Each test performs a billion  $\mathcal{K}$ -merges within the matrix. Table 2 shows the result, where cells with a dash denote an invalid merge condition. The outcome is consistent with our earlier discussion – mcmerge is up to  $4.65 \times$  faster than mrmerge for small  $\mathcal{K}$  as it utilizes the data-level parallelism of SIMD registers better (i.e., by performing column-major merges). However, it suffers an almost exponential decay in speed as  $\mathcal{K}$  gets larger. The reason is that its merge networks get longer and the overhead of expensive cross-column permutes becomes higher. While mrmerge begins at a lower rate, the length of the sequence being merged does not significantly impact its performance. While  $\mathcal{K}$  affects the number of merge-network swaps, the remaining elements of the algorithm have constant cost, i.e., exactly  $\mathcal{R}/2$  reverses and  $2\mathcal{R}/\mathcal{W}$  transposes, irrespective of  $\mathcal{K}$ .

#### 6.3 In-cache Merge

*rswap.* We next discuss the performance of rswap. We benchmark this by repeatedly performing a merge of two sorted sequences of size W within two registers. Table 3 compares the different implementations of rswap for various  $\mathcal{B}$ . It shows that for both SSE and AVX2, running W levels of rotate/swap instructions outperforms both mrmerge and the bitonic network. AVX-512, on the other hand, runs much faster with mrmerge, where specialized mask instructions allow rapid sorting within the rows. Finally, 128-bit key-value pairs occupy an entire SSE register, in which case rswap is equivalent to a regular swap and all three methods produce the same result.

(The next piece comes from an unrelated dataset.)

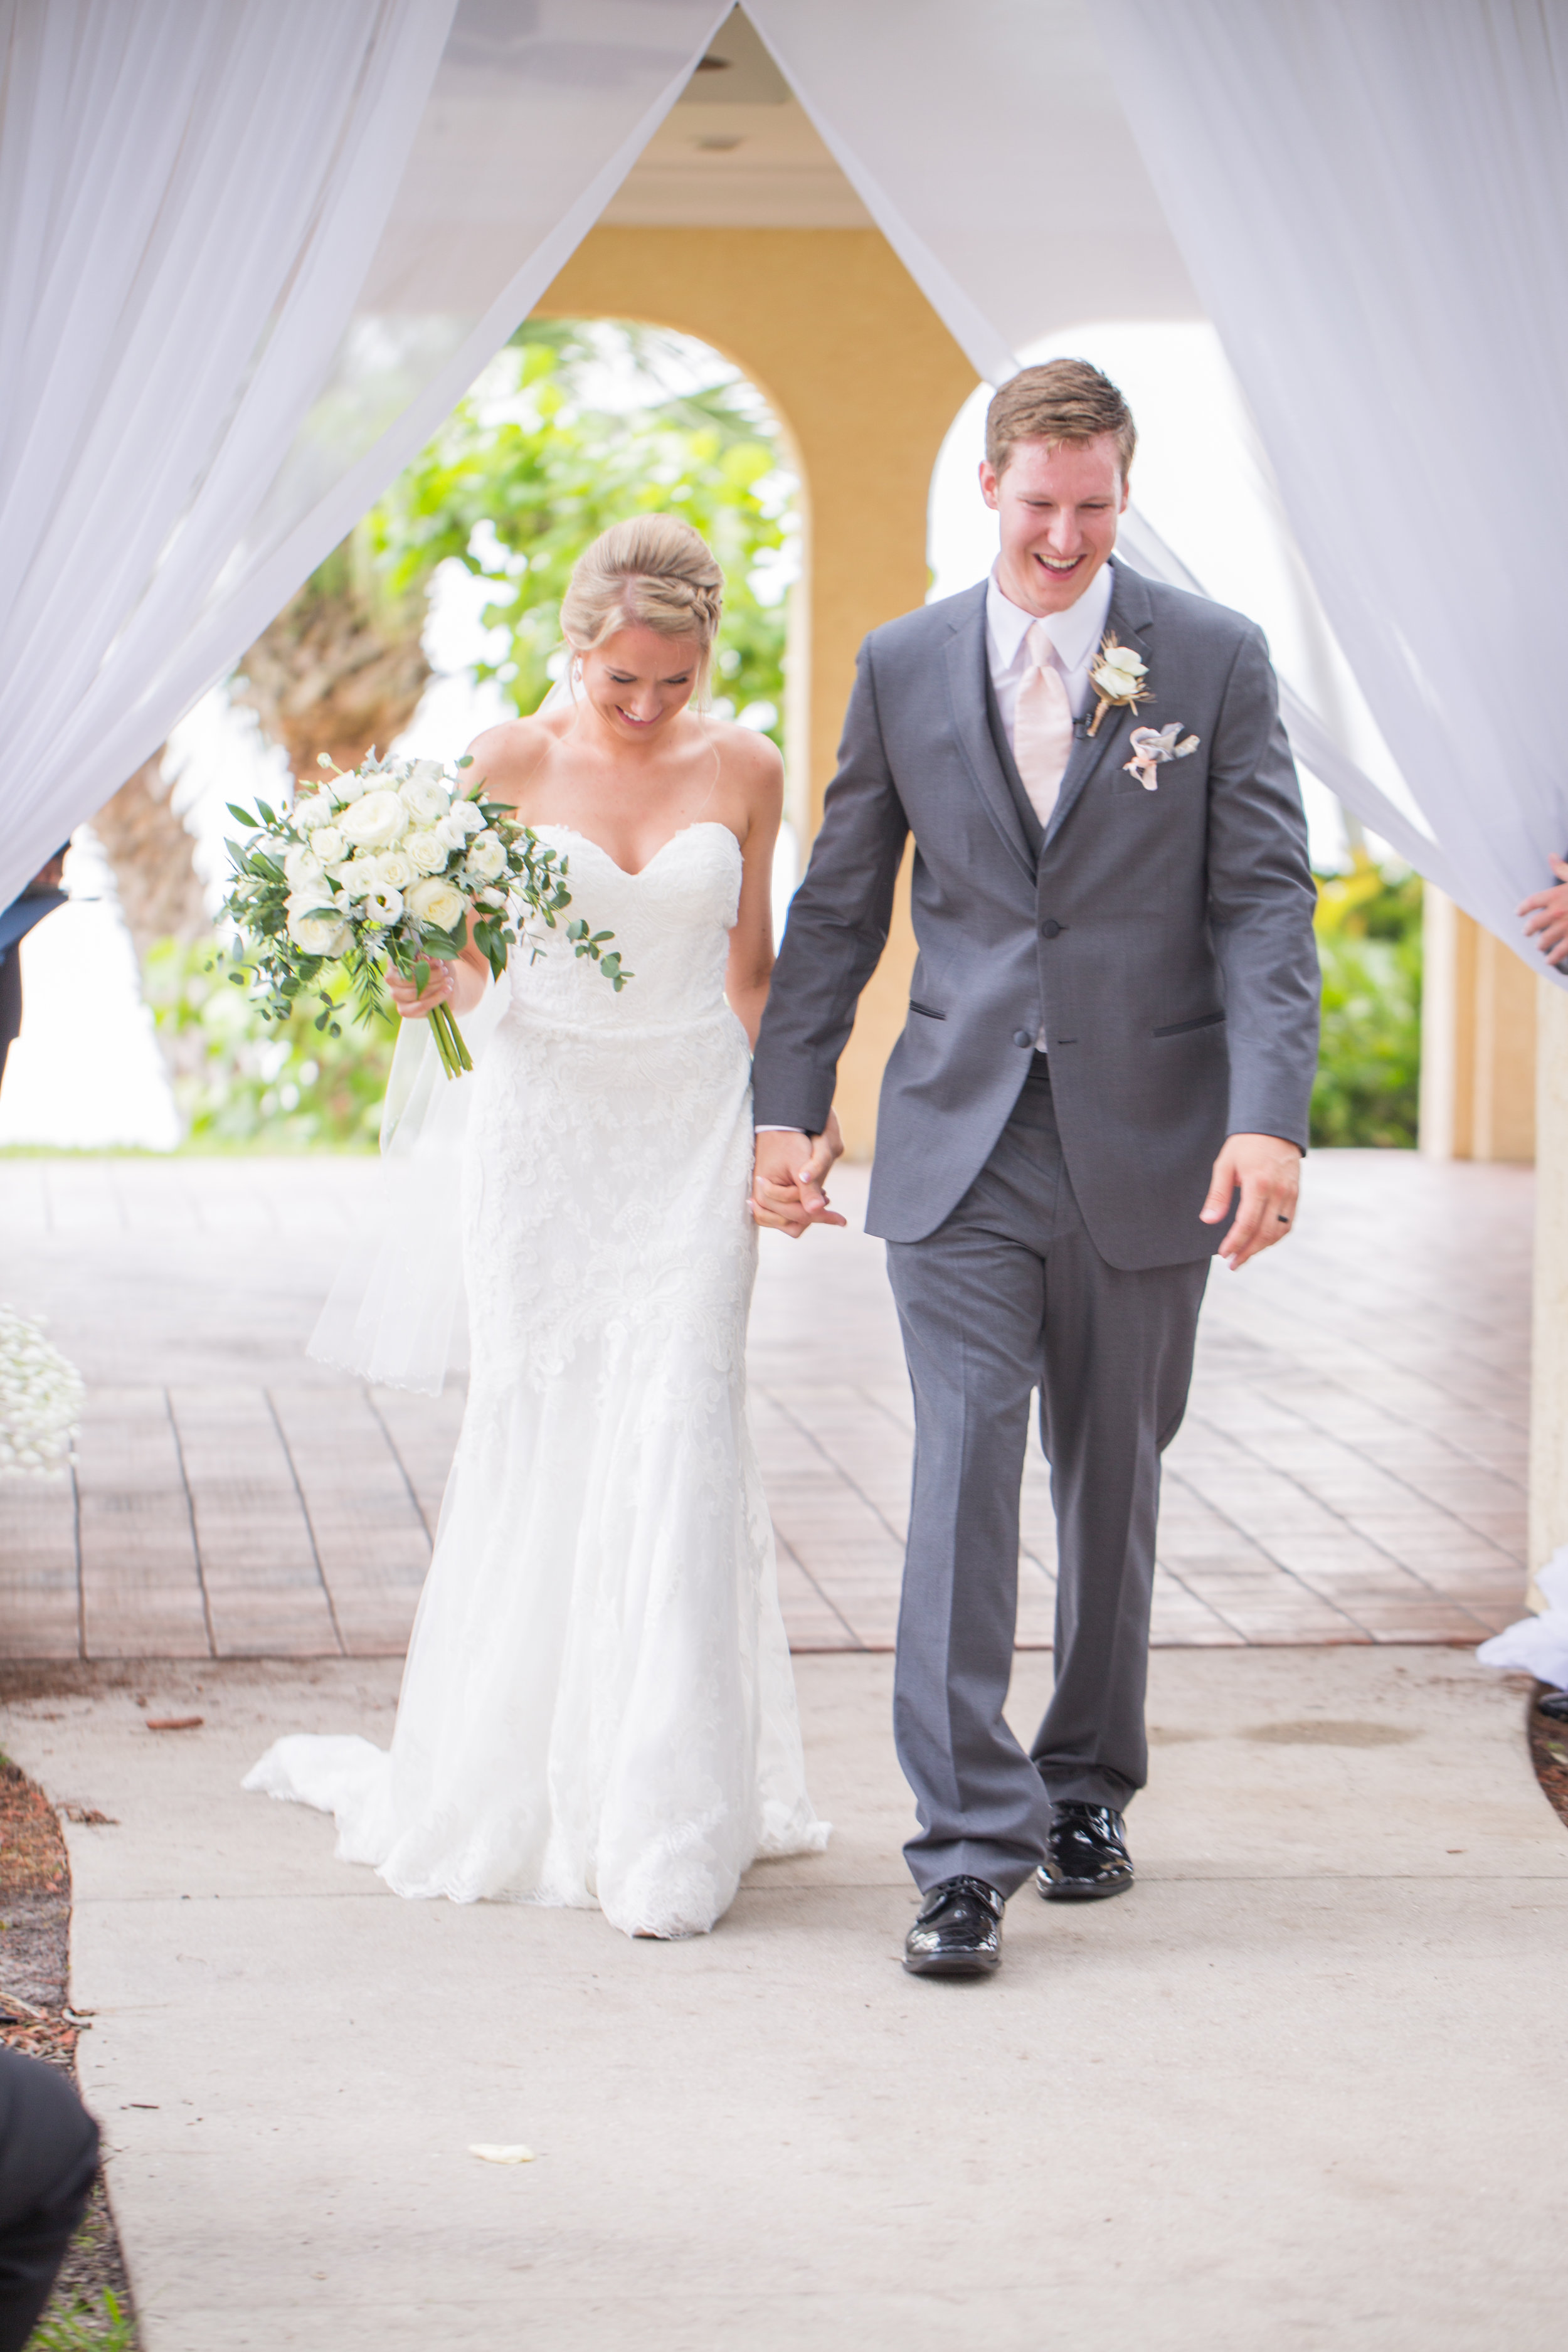 Powel Crosley Estate   Wedding   Pink and Gold Wedding   Wedding Portraits  Sarasota Weddings   Spring Wedding   Jess Anne Photography

The data in Table 3 is in line with our discussion in Section 4.1. As a side note, scalar rswap, which is absent from the table, increases speed by 5 - 15% using our optimized size-8 merge network from Section 4.3. This is the benefit of saving one out of every nine swaps.

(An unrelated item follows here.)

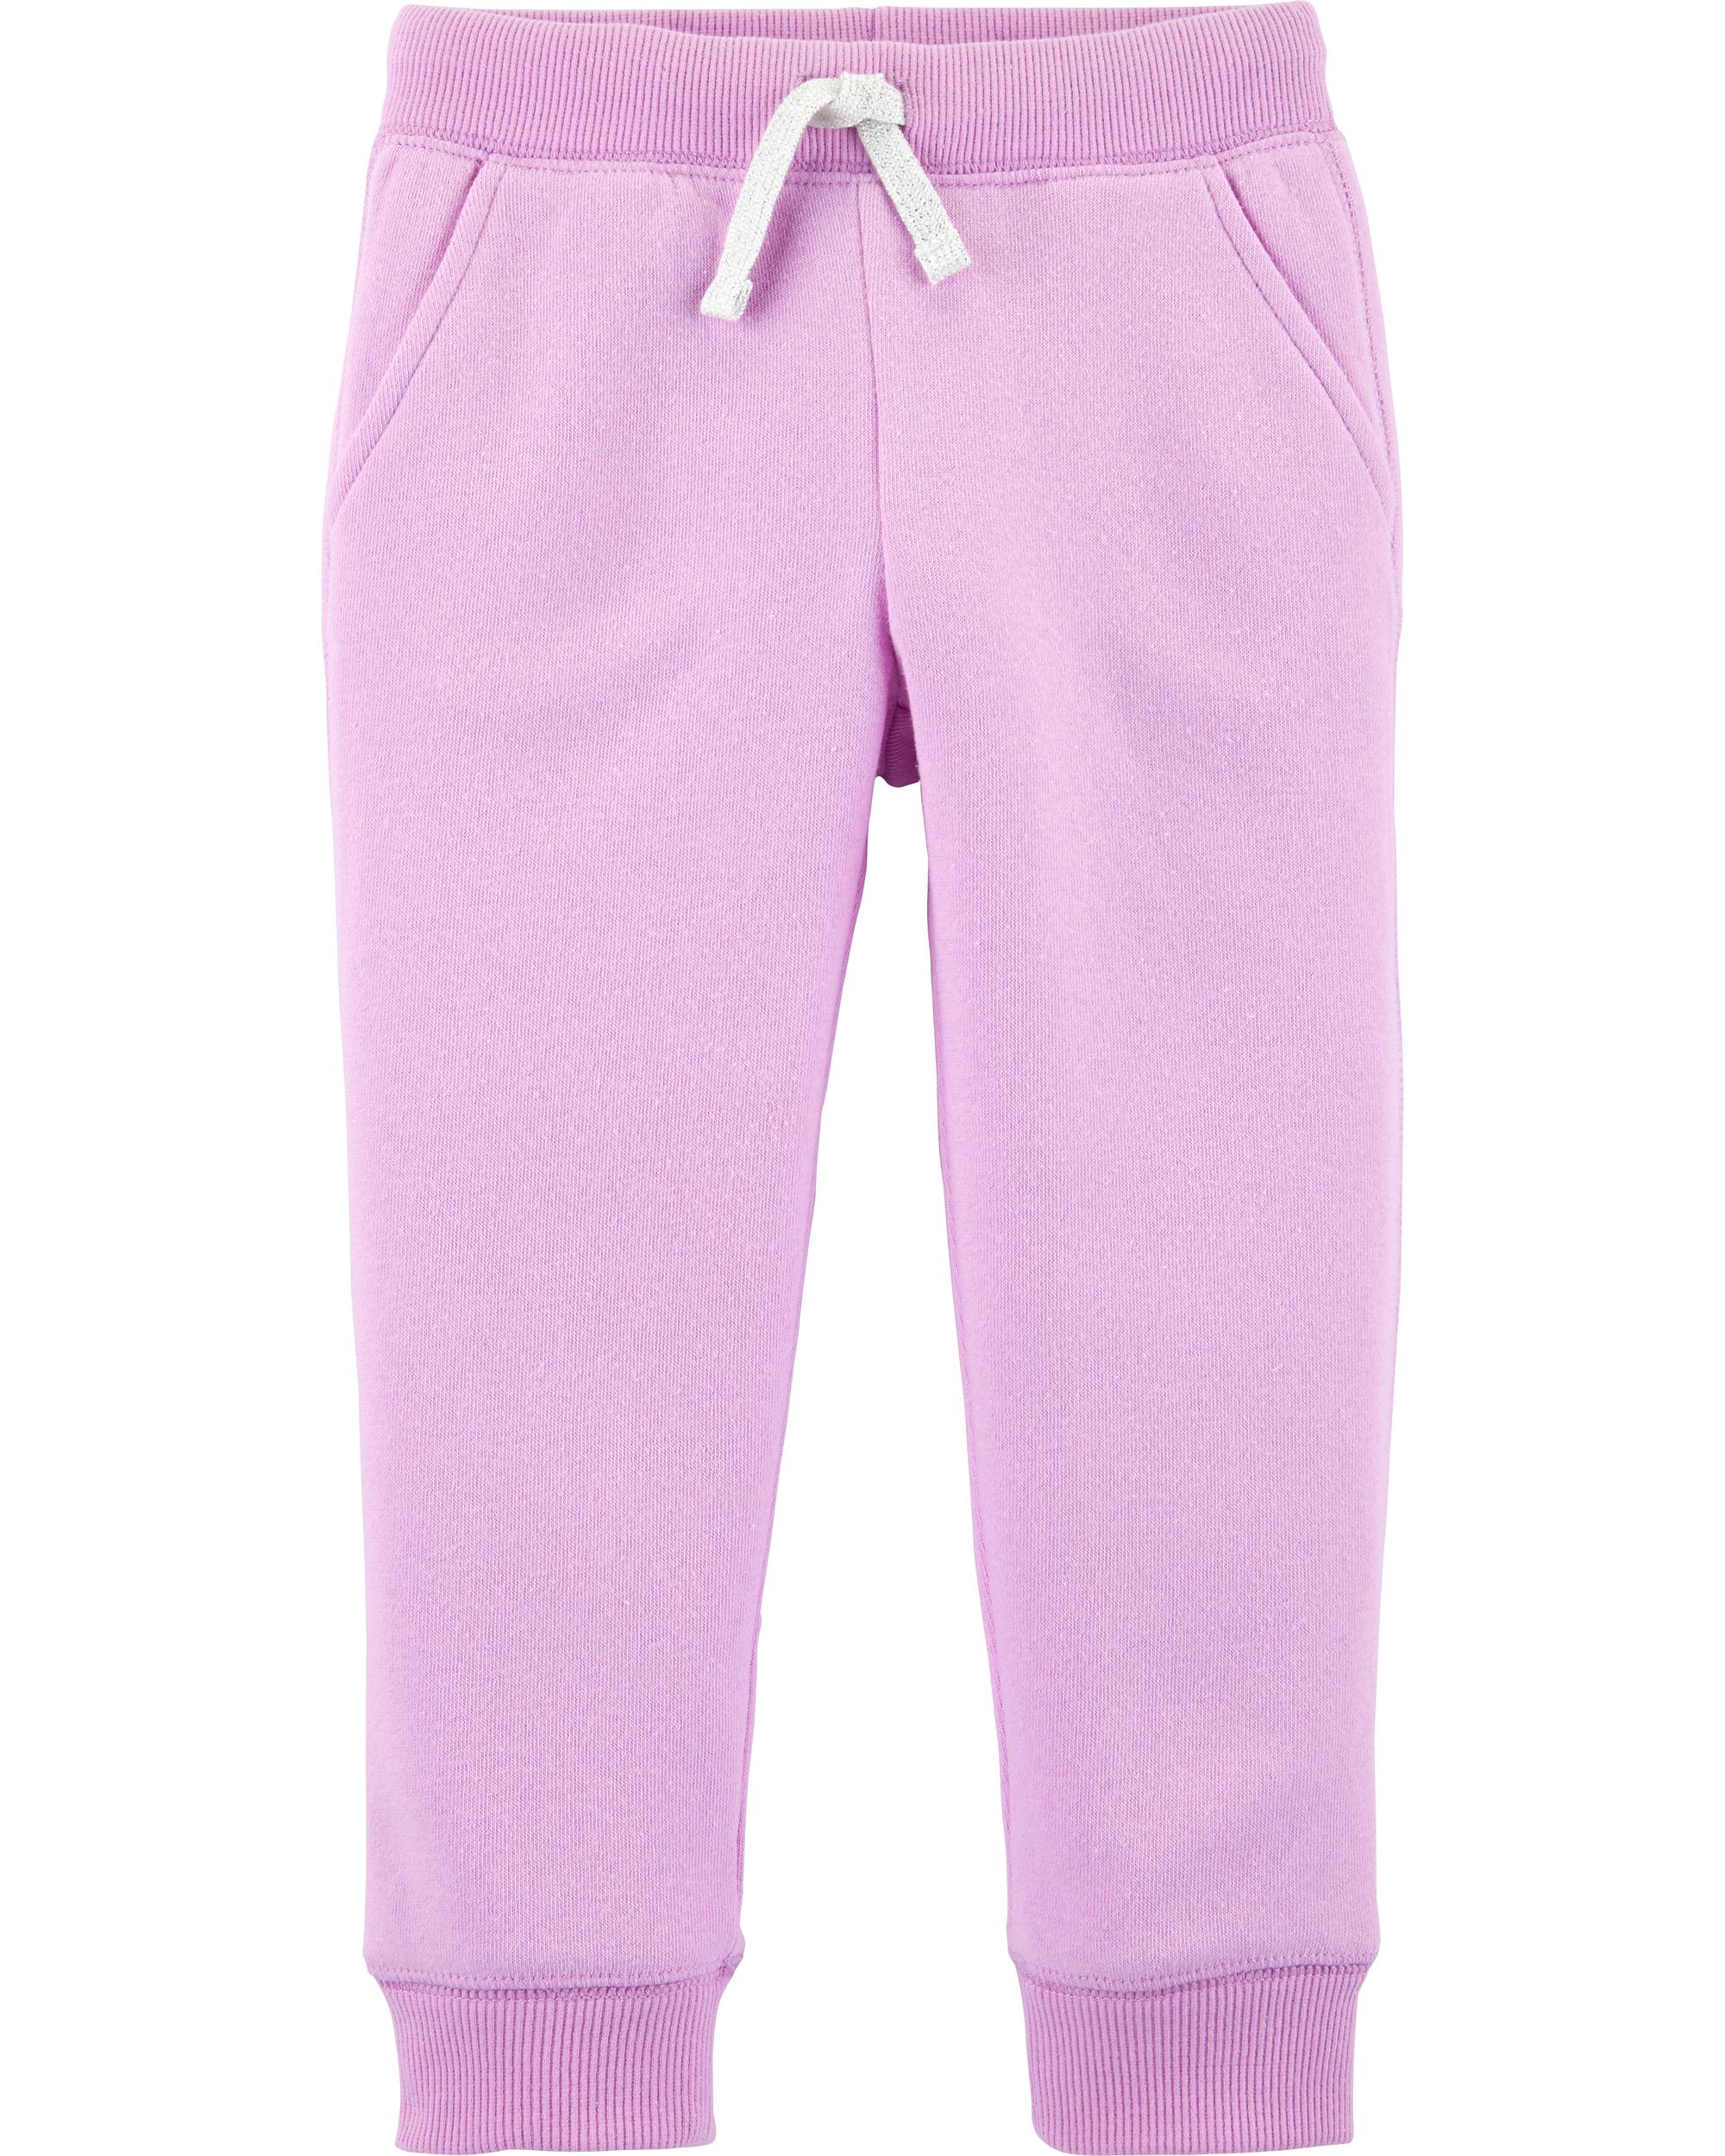 מכנס ארוך סגול

Table 4 shows the effect of running multiple independent r swaps on separate input streams. For all extension sets, there is a significant performance improvement from unrolling (up to  $2.86 \times$  in SIMD,  $1.38 \times$  in scalar). For SIMD, this is because each swap is dependent on the previous rotate or permute. Without unrolling, the CPU fails to take advantage of its out-of-order execution engine. While running multiple rswaps, the pipeline can reorder the instructions to use the available execution units and utilize the cycles otherwise wasted in pipeline stalls. The performance gain for scalar in last row is smaller since the number of stalls is already

#### Table 3: rswap speed (B keys/s) for a size-2W merge

|                           | SSE  |      |       |      | AVX2 |       |      | AVX-51 | 2     |
|---------------------------|------|------|-------|------|------|-------|------|--------|-------|
| $\mathcal{B} \rightarrow$ | 32   | 64   | 64+64 | 32   | 64   | 64+64 | 32   | 64     | 64+64 |
| bitonic                   | 2.34 | 1.38 | 1.81  | 2.93 | 1.14 | 0.76  | 3.31 | 1.52   | 0.51  |
| rotate                    | 4.26 | 1.81 | 1.81  | 3.61 | 1.31 | 1.01  | 3.38 | 1.56   | 0.69  |
| mr                        | 2.21 | 1.19 | 1.81  | 2.29 | 1.21 | 0.78  | 5.61 | 2.27   | 0.74  |

Table 4: Speed-up factors over the best speed from Table 3 for running simultaneous independent rswaps (*unrolling*)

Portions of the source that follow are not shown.